Ян Пробштейн - Одухотворенная земля. Книга о русской поэзии
Куст, очевидно, — неопалимая купина. Местное, локальное, земное время скрывает от нас нашу бренность, тщету нашего тщеславия и соблазн до мгновения откровения, но, как сказал Элиот, «поиски пересечения времени с вечностью — /занятие лишь для святого, и не занятие даже, но то, что дано и отобрано /Прижизненной смертью во имя любви, / Самоотверженности, самопожертвования и самосожженья» («Драй Сэлвейджес» V, «Четыре квартета» — перевод мой — Я.П.).
Путь, однако, не завершен. В конце — еще одна картина: уже не аллегорические, а как бы явившиеся из басни волки, сидящие в крещенскую ночь «у прорубной дыры» с примерзшими хвостами.
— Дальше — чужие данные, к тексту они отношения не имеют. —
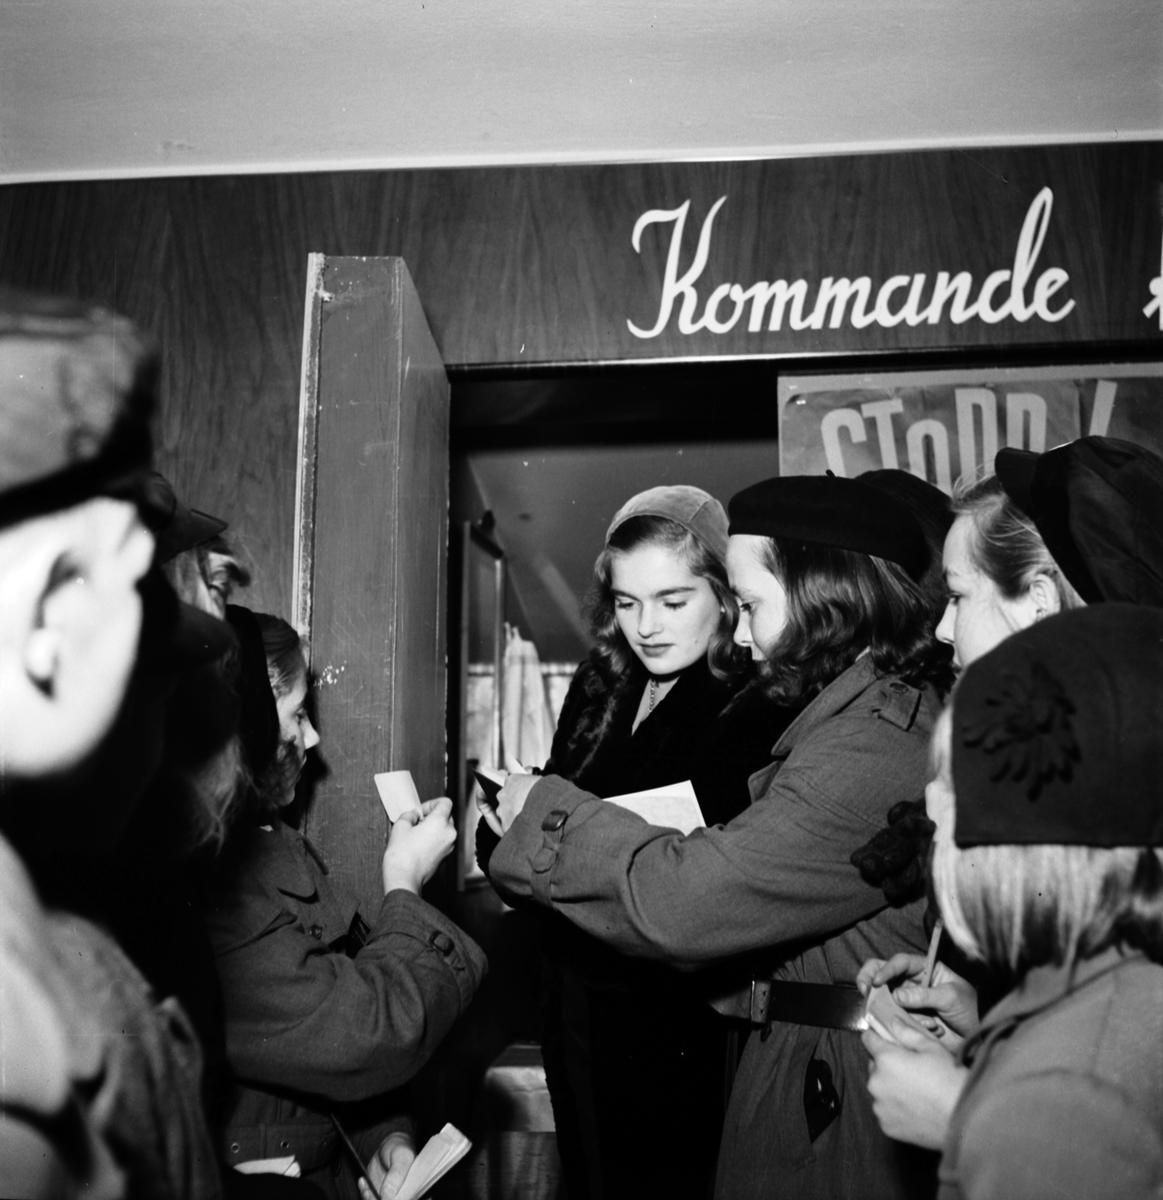 Eva Henning - Ekmans besök på Saga-biografen. November 1944

Волки эти удивительно напоминают поэту нас самих: «Волки — то же, что мы, и кивают они: говори./ Мутят лапою воду, в которой горят их глаза / пламенем хладным…».
В финале «Большой элегии на стороны света» Елена Шварц как бы повторяет мысль Элиота:
…Если это звезда, то ее исказила слеза.
В ней одной есть спасенье, на нее и смотри,
Пока Крест, расширяясь, раздирает тебя изнутри.
Выходит, что и поэзия — занятие лишь для святого (если — «на разрыв аорты»). В итоге, Крест вошел в душу, как в плоть (как бы распятие изнутри), а пространство сгустилось в точку-звезду.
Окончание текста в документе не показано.